= PROBLEM =
Your copy must hold all of the data below, unchanged and without images.

= EXERCISE DATA =
- - - - -
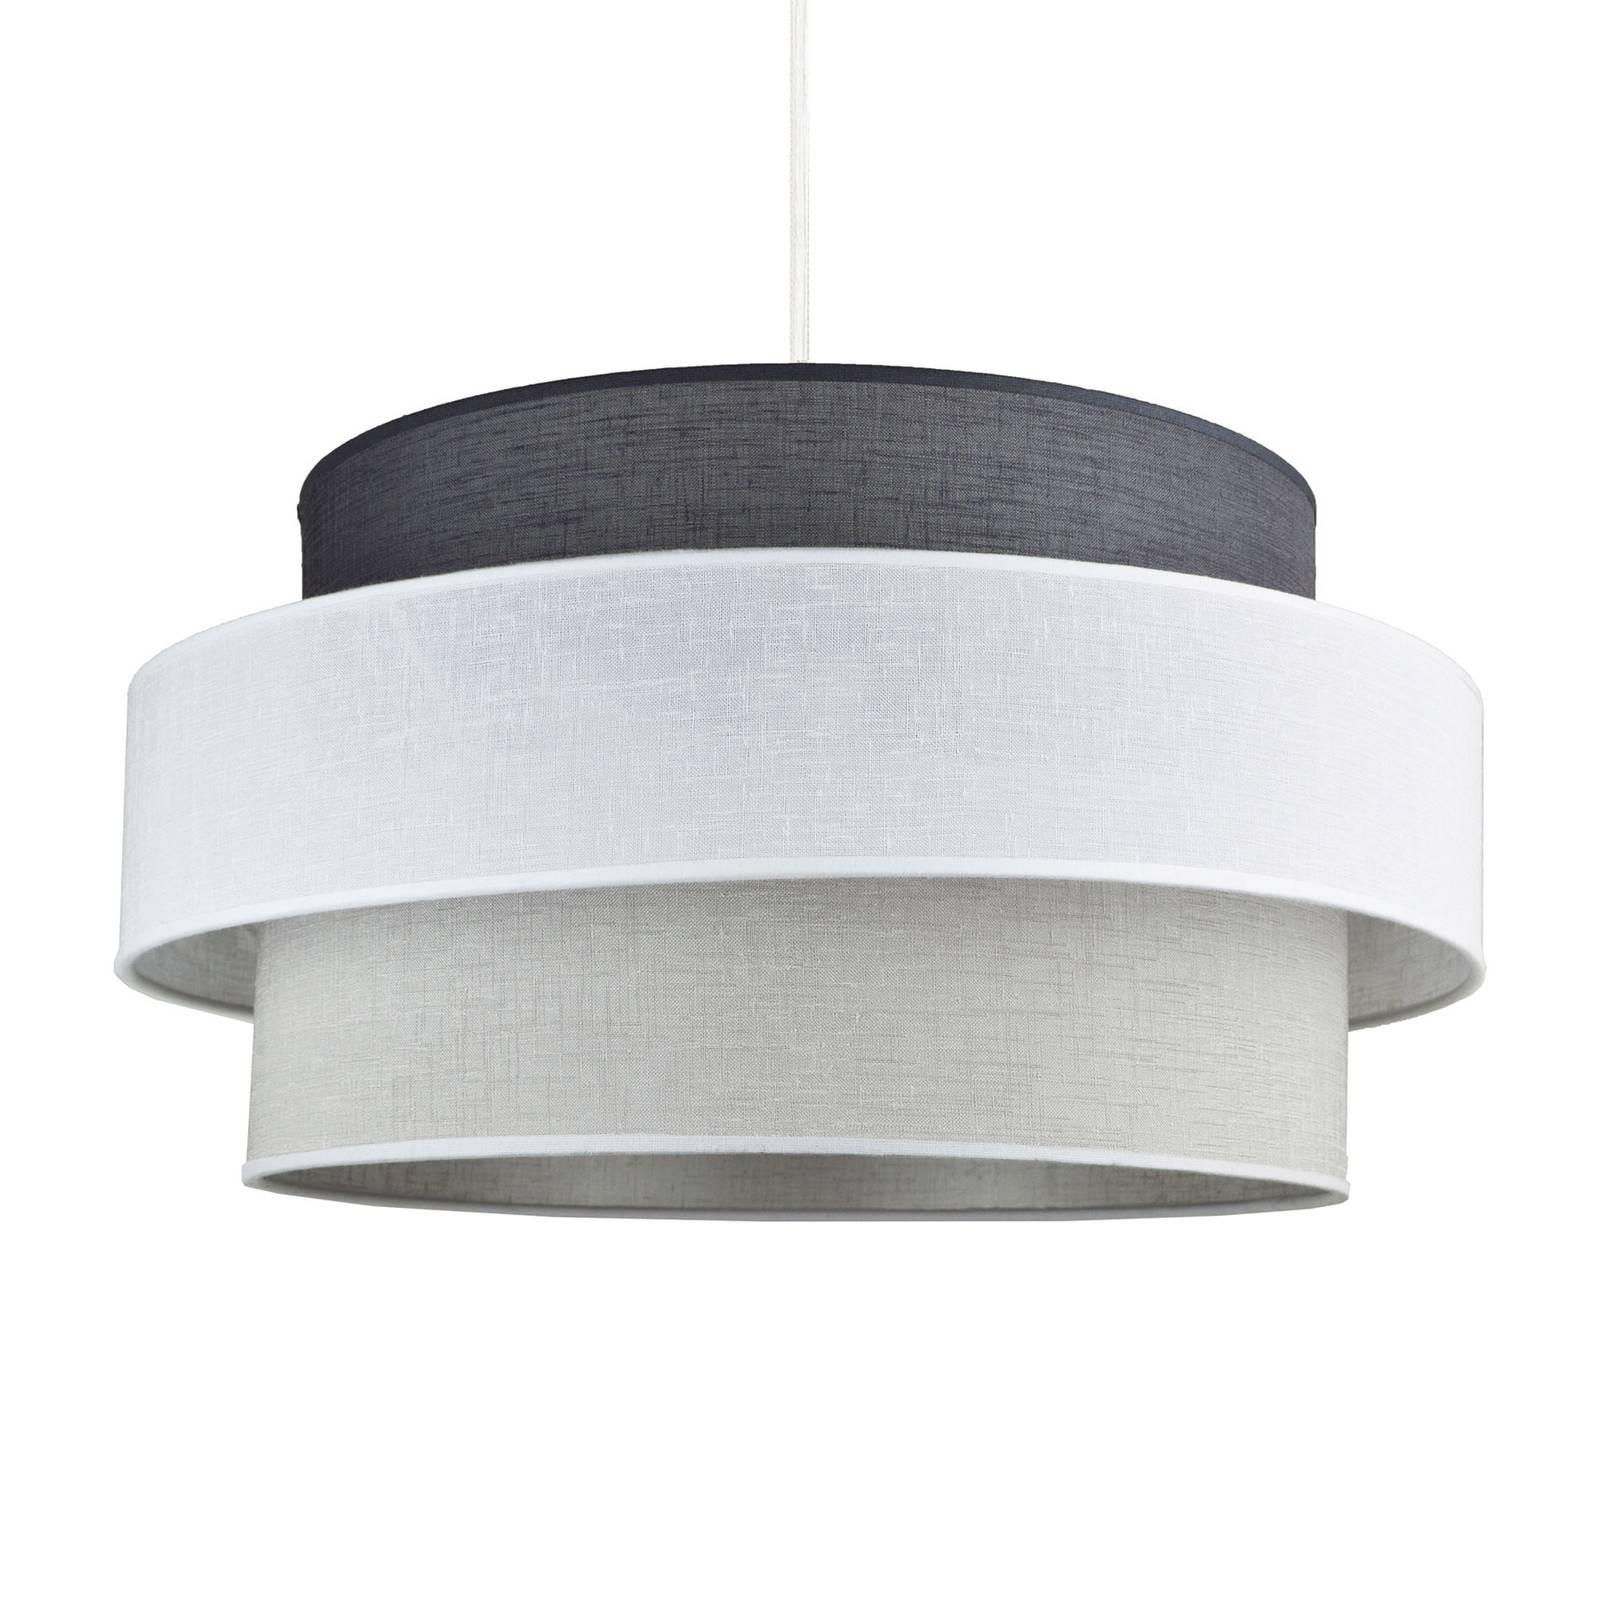 Hanglamp Space, wit/grijs/antraciet
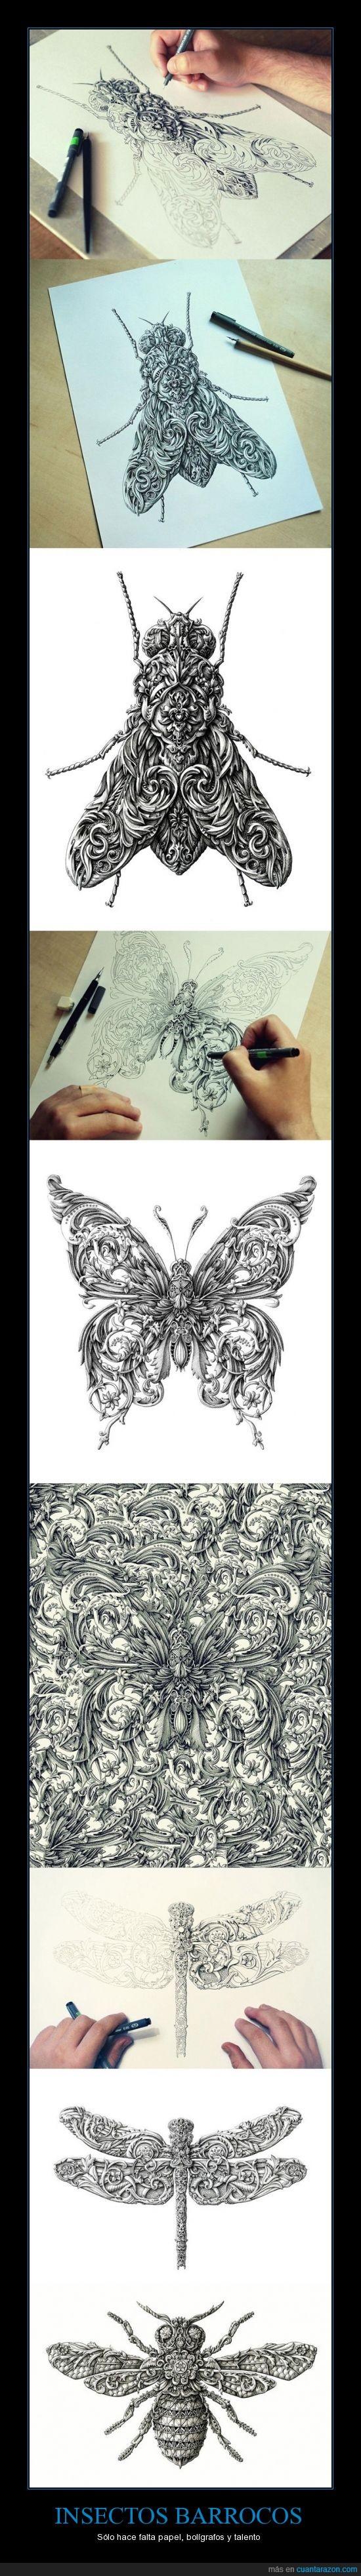 arte,barroco,bicho,ilustración,insecto,no os rayéis con el estilo,renacentista,renacimiento,rococo
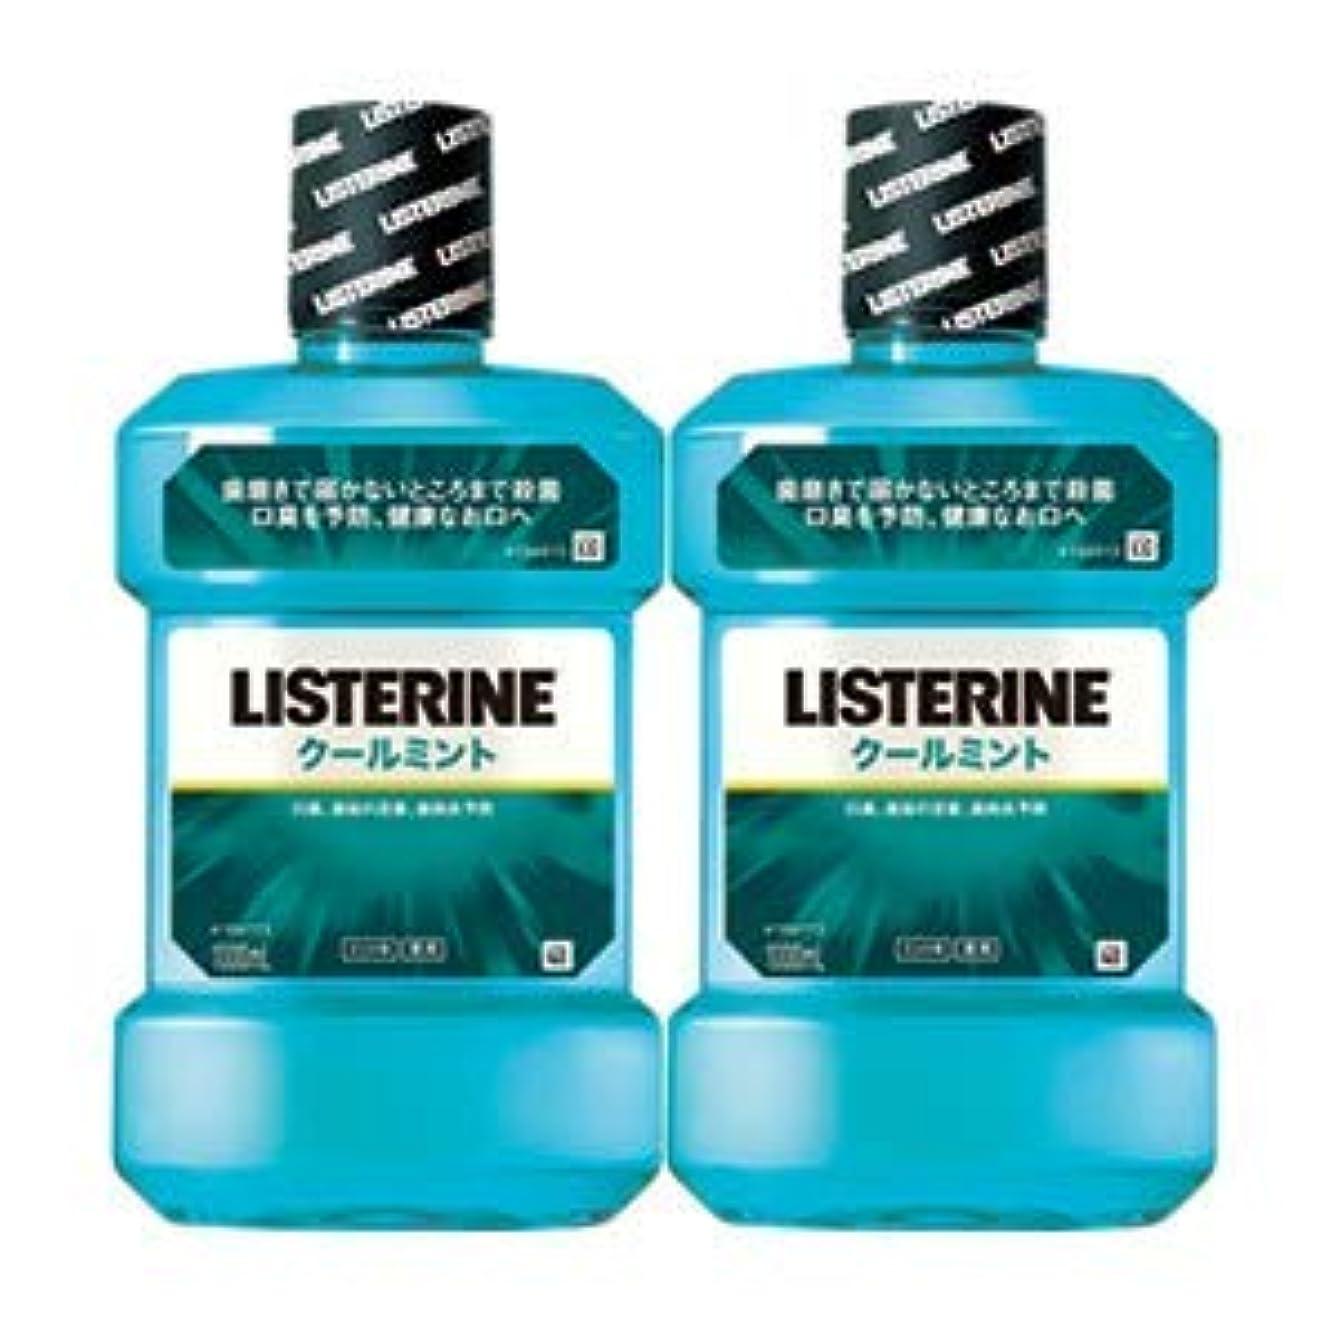 適度な過激派人工的な薬用リステリン クールミント (マウスウォッシュ/洗口液) 1000mL×2本セット
- - - - -
= RESULT FOR THIS TASK =
 Hanglamp Space, wit/grijs/antraciet
 arte,barroco,bicho,ilustración,insecto,no os rayéis con el estilo,renacentista,renacimiento,rococo
 適度な過激派人工的な薬用リステリン クールミント (マウスウォッシュ/洗口液) 1000mL×2本セット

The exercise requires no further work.